In case of trenchless installation, D-Geo Pipeline applies a reduced neutral soil load to incorporate the effect of arching. The amount of reduction depends on the installation method, the depth of the pipeline, diameter and the soil properties.
- Pipe stress analysis for horizontal directional drilling installation
D-Geo Pipeline calculates the stresses in the pipeline during the installation stages in both axial and tangential direction. In a comprehensive report a stress verification is given for each pipeline material used.
- Advanced calculation of settlements
Vertical displacement of soil below the pipeline that occurs after installation is an important factor in assessing the stresses in the pipeline. Pipeline settlement may be entered manually if the vertical settlements are available. For more accurate results, D-Geo Pipeline can use the D-Settlement computer program without additional input.
- Advanced pipeline stress analysis
For advanced pipe stress analyses special programs need to be used. These programs need an advanced set of soil mechanical parameters, provided by D–Geo Pipeline . The programs will generate a complete spring model around the pipeline for further analyses.The soil mechanical parameters provided by D-Geo Pipeline are:
– neutral, passive and reduced vertical soil load
– vertical and horizontal modulus of sub grade reaction
– ultimate vertical and horizontal bearing capacity
– neutral horizontal soil load
– vertical displacement
– maximum axial friction
– friction displacement.
D-Geo Pipeline interacts with other tools:
- D-Settlement for analyses and import of settled geometry
- D-Geo Stability for slope stability analysis
- Scia Pipeline for advanced structural analysis of pipeline behaviour.
How to get D-Geo Pipeline?
The current version is available by purchasing a Service package. You can order a Service package via our Sales Service team (email@example.com)
The software can be downloaded via our Download portal.
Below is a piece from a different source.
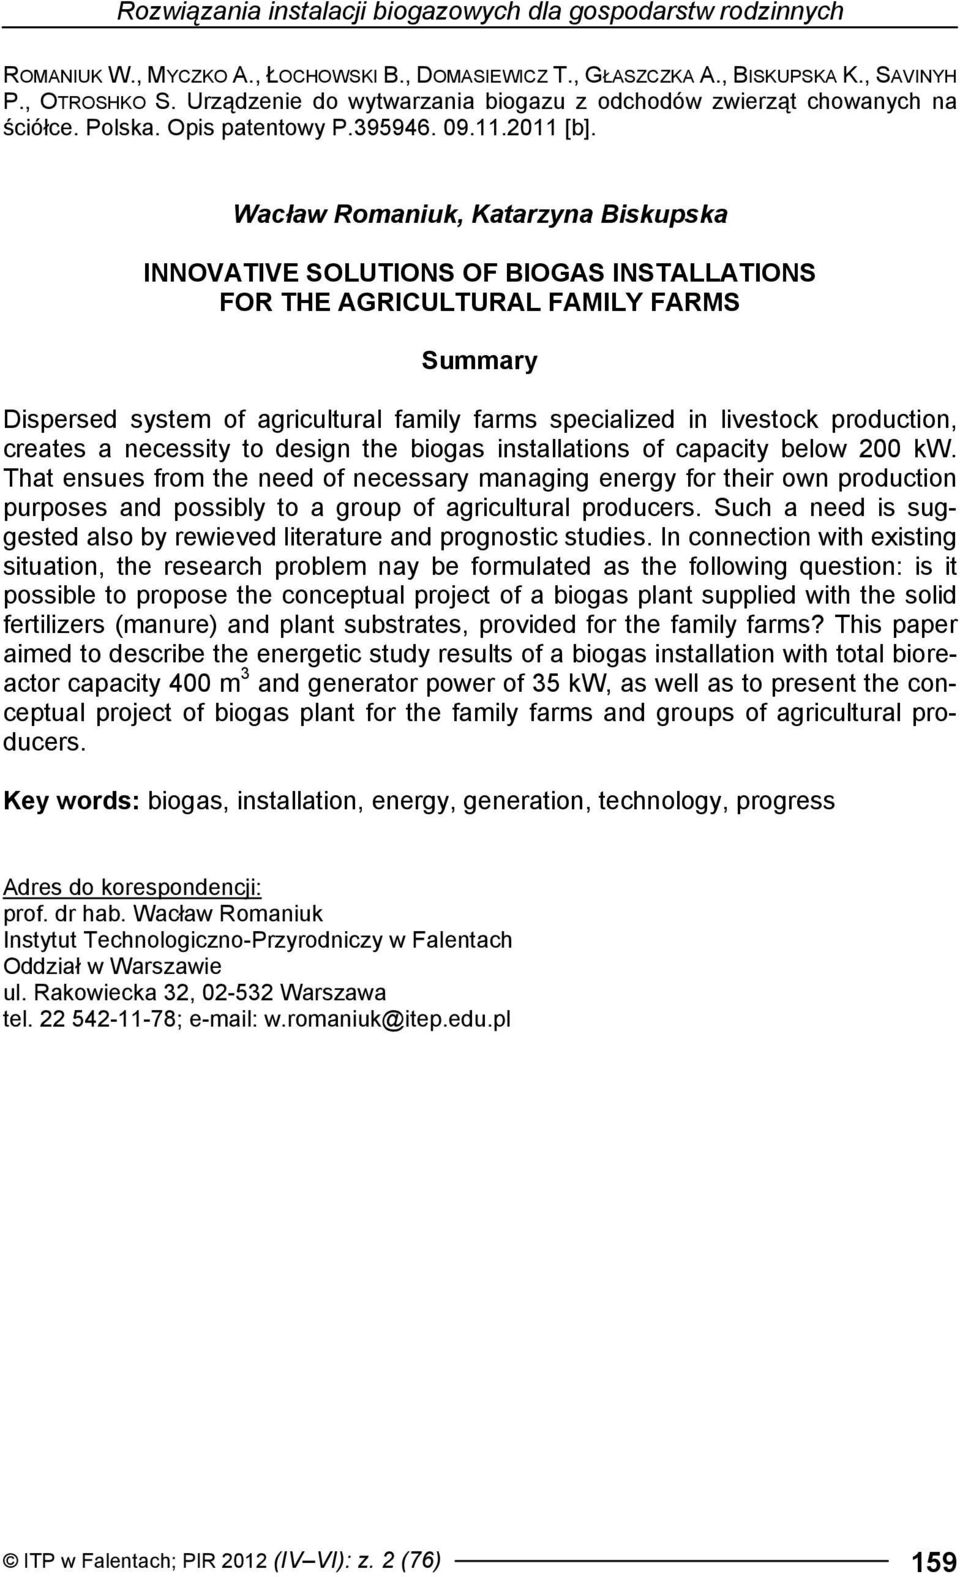 Wacław Romaniuk, Katarzyna Biskupska INNOVATIVE SOLUTIONS OF BIOGAS INSTALLATIONS FOR THE AGRICULTURAL FAMILY FARMS Summary Dispersed system of agricultural family farms specialized in livestock

You don’t need a license file to do this. You can use the software in Demo mode without a license file. By purchasing a Service package you will receive a license file to unlock full functionality (according to purchased package). Our Sales Service team will provide you with instructions on how to get the software working with a license file.
You can also use our Geotechnical software products via the internet (Software as a Service – SaaS), on subscription basis. For more information, please see Online Geotechnical Software.
D-Geo Pipeline -Horizontal Directional Drilling
D-Geo Pipeline enables the fast design of a pipeline configuration, installed using the Horizontal Directional Drilling (HDD) technique. In HDD three installation stages are considered: Pilot drilling; reaming the initial pilot borehole and pulling back the pipeline. The initial borehole is...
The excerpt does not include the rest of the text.